TASK OBJECTIVE:
Word for word, give the data again without its pictures.

GIVEN MATERIAL:
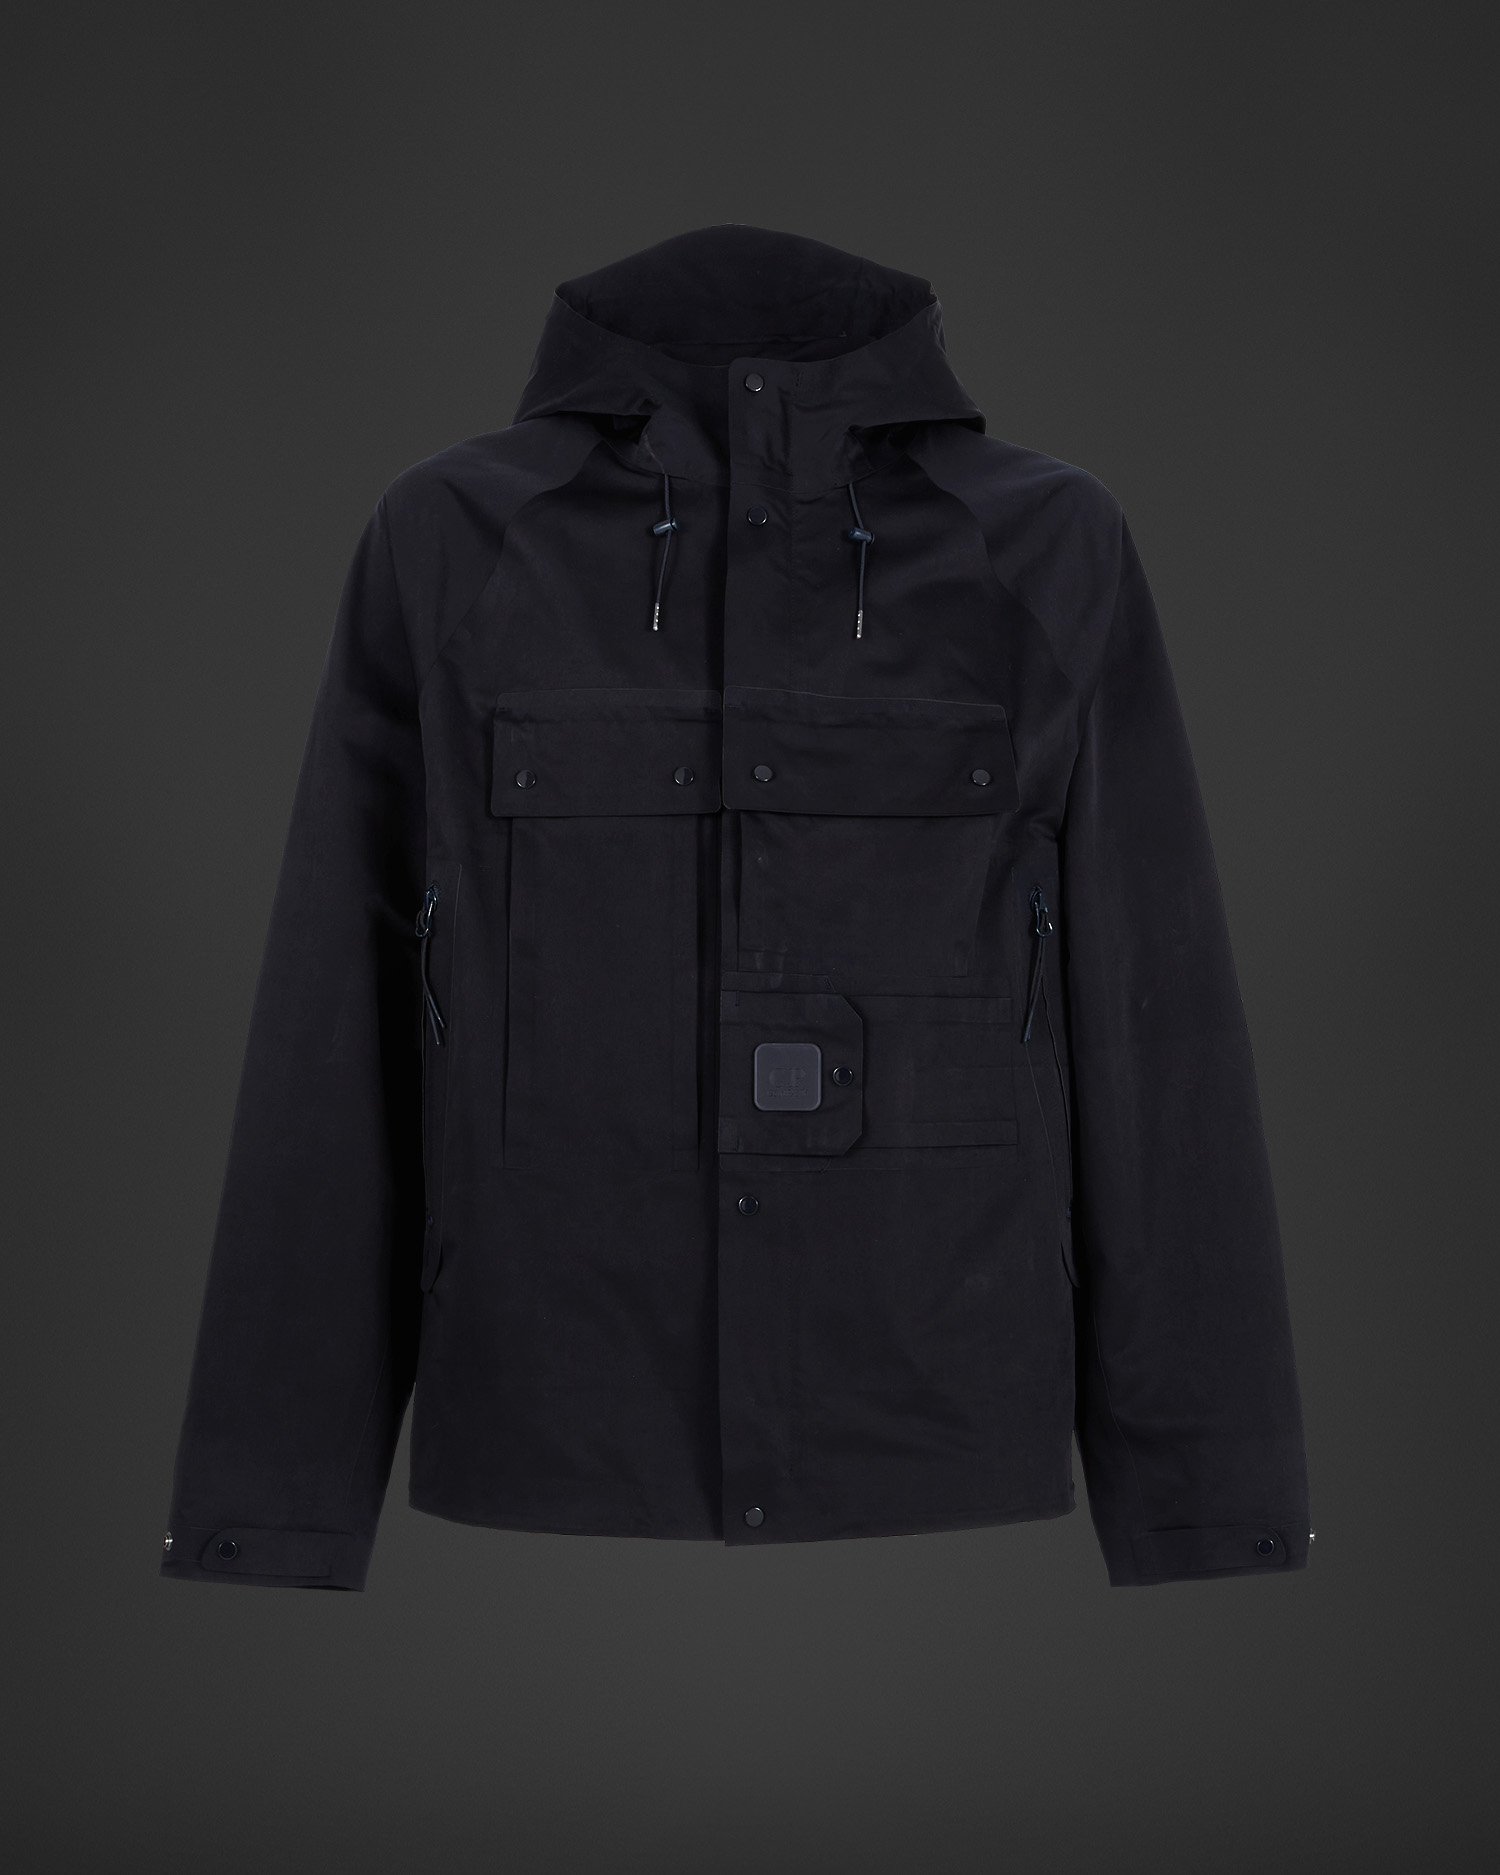 Metropolis Series A.A.C. Hooded Jacket | C.P. Company Online Store
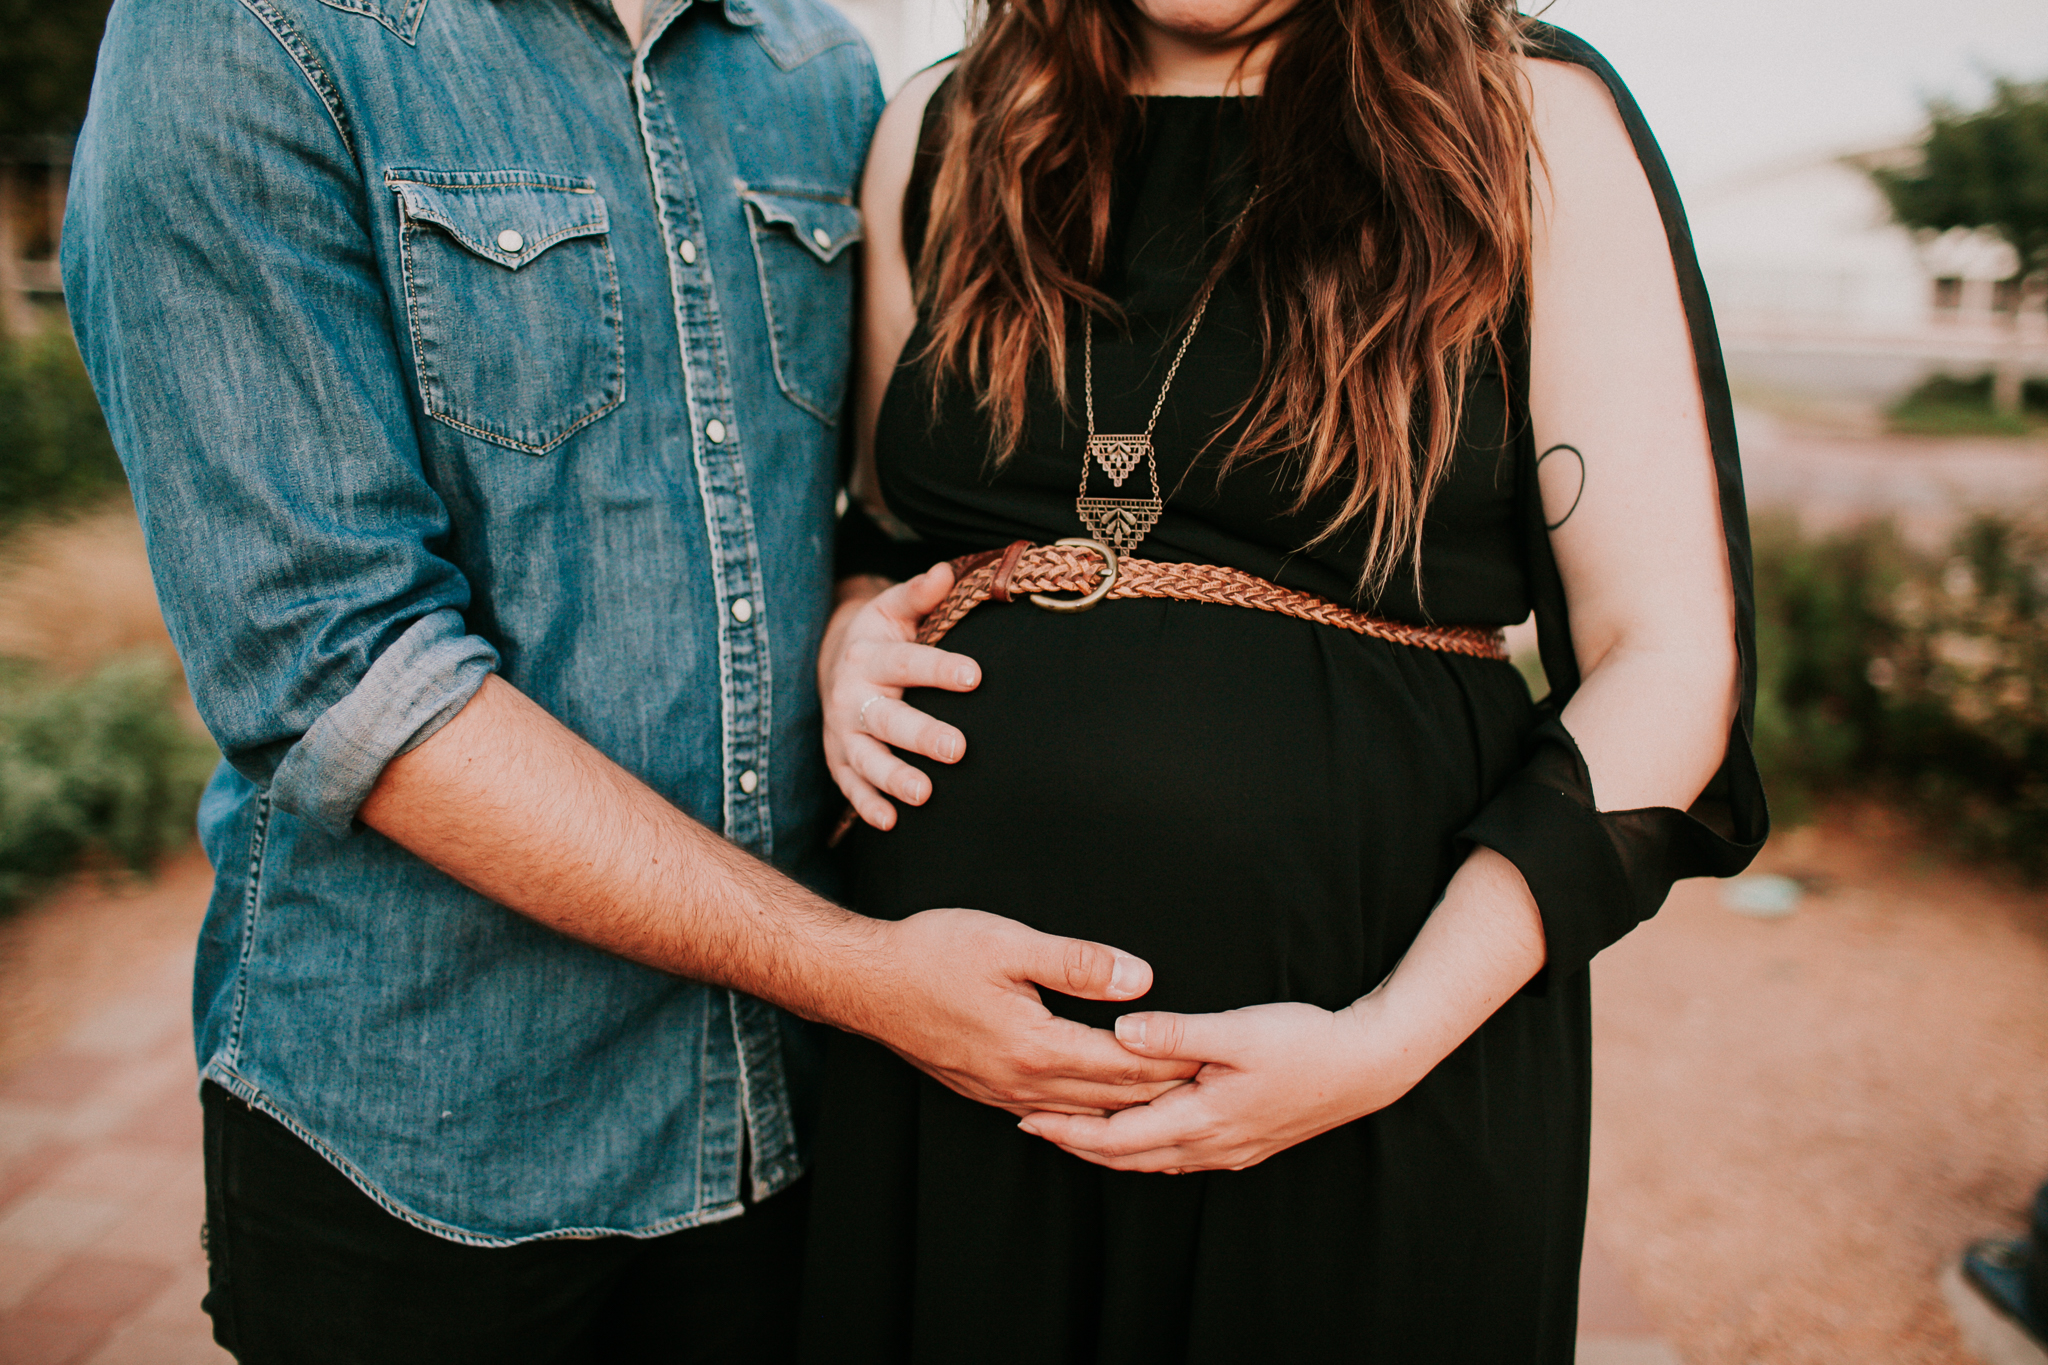 Oklahoma City Modern Maternity Pictures by Emily Nicole Photo
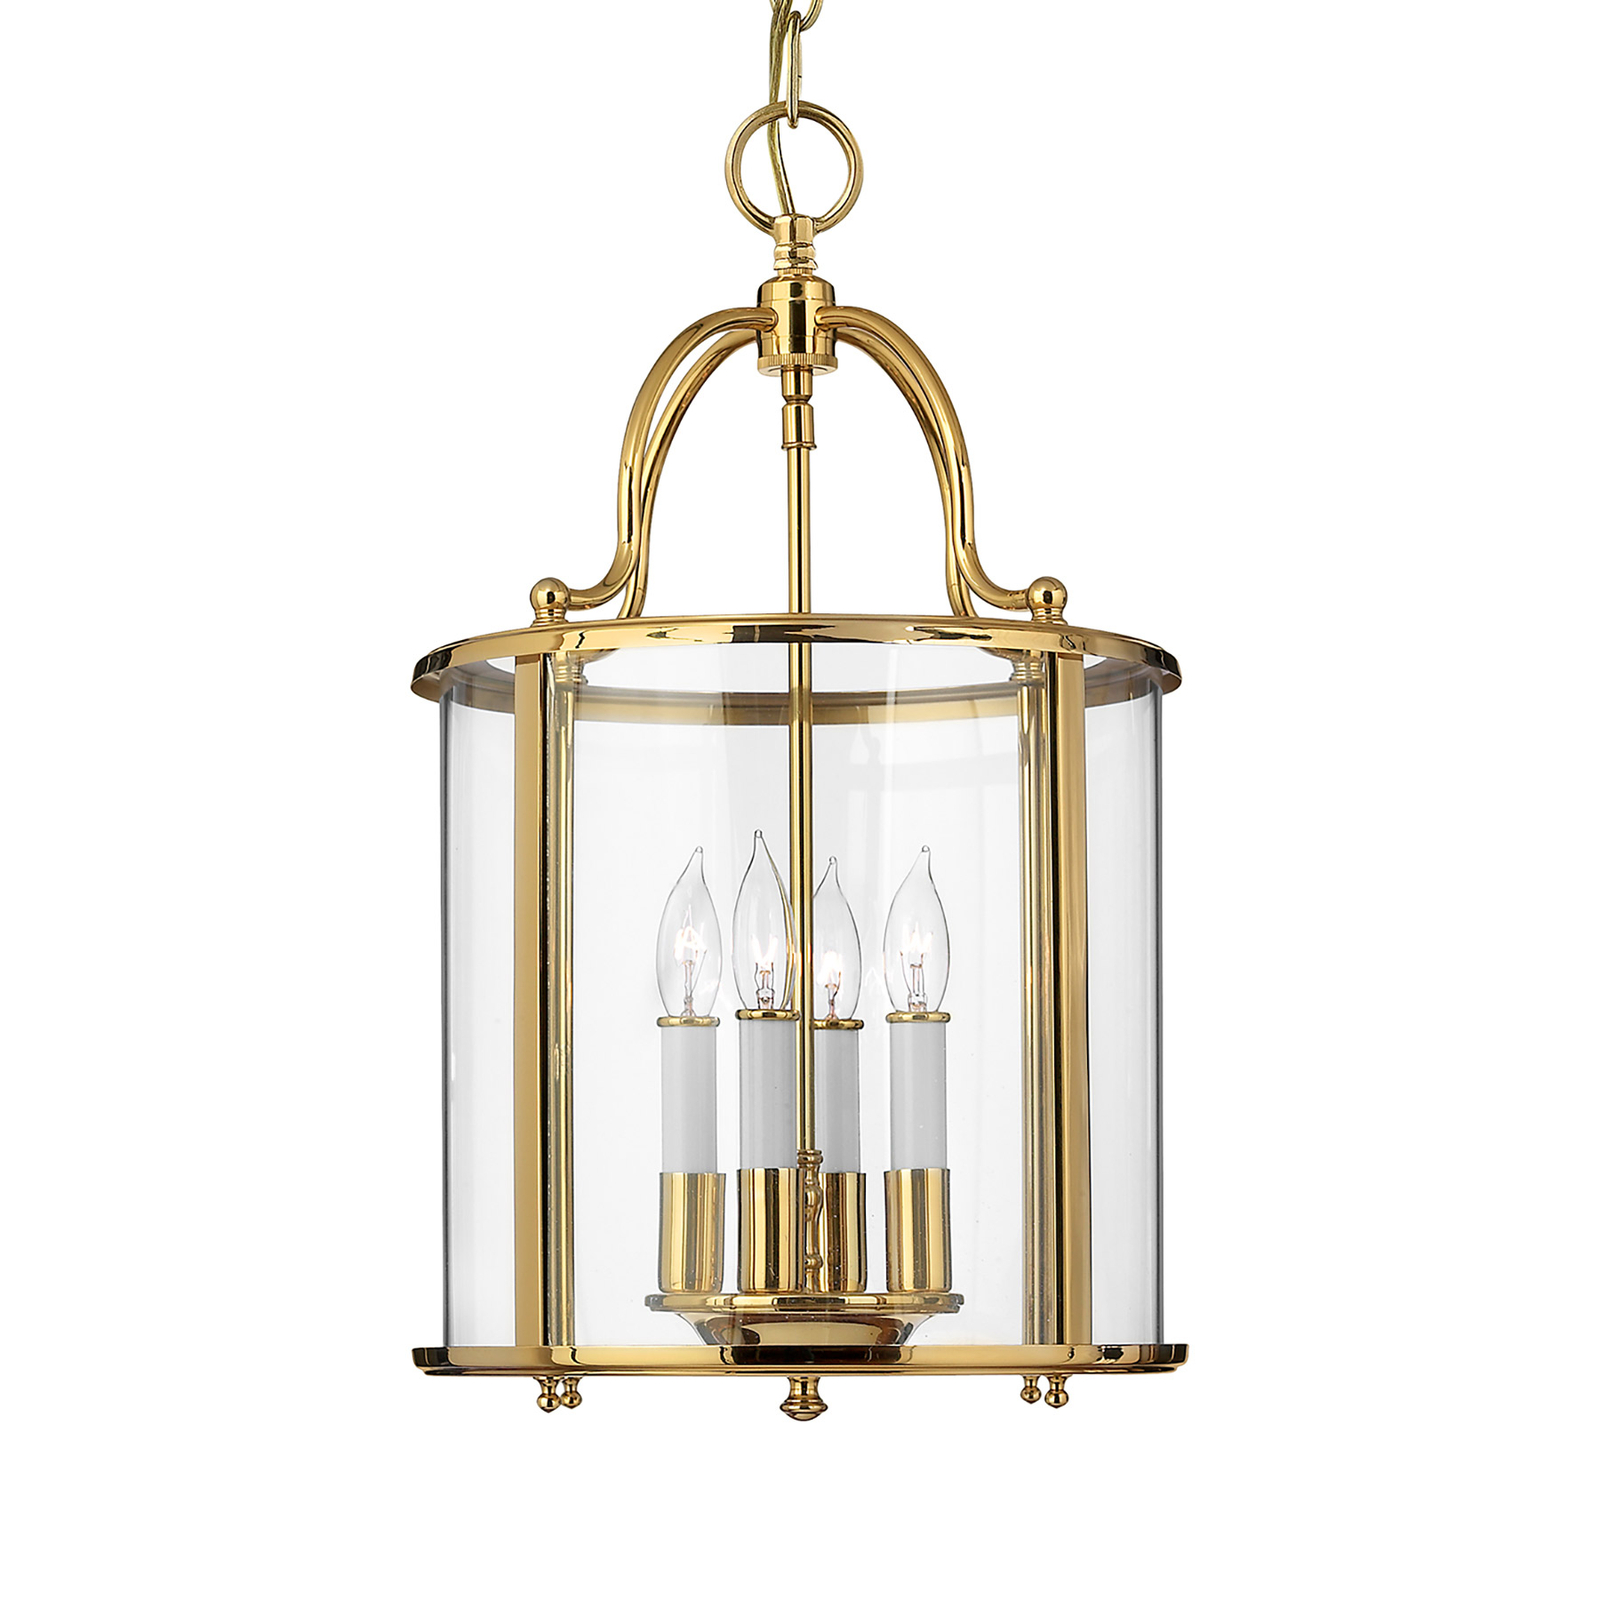 Gentry pendant light, 4xE14, polished brass/clear

TASK SOLUTION:
 Metropolis Series A.A.C. Hooded Jacket | C.P. Company Online Store
 Oklahoma City Modern Maternity Pictures by Emily Nicole Photo
 Gentry pendant light, 4xE14, polished brass/clear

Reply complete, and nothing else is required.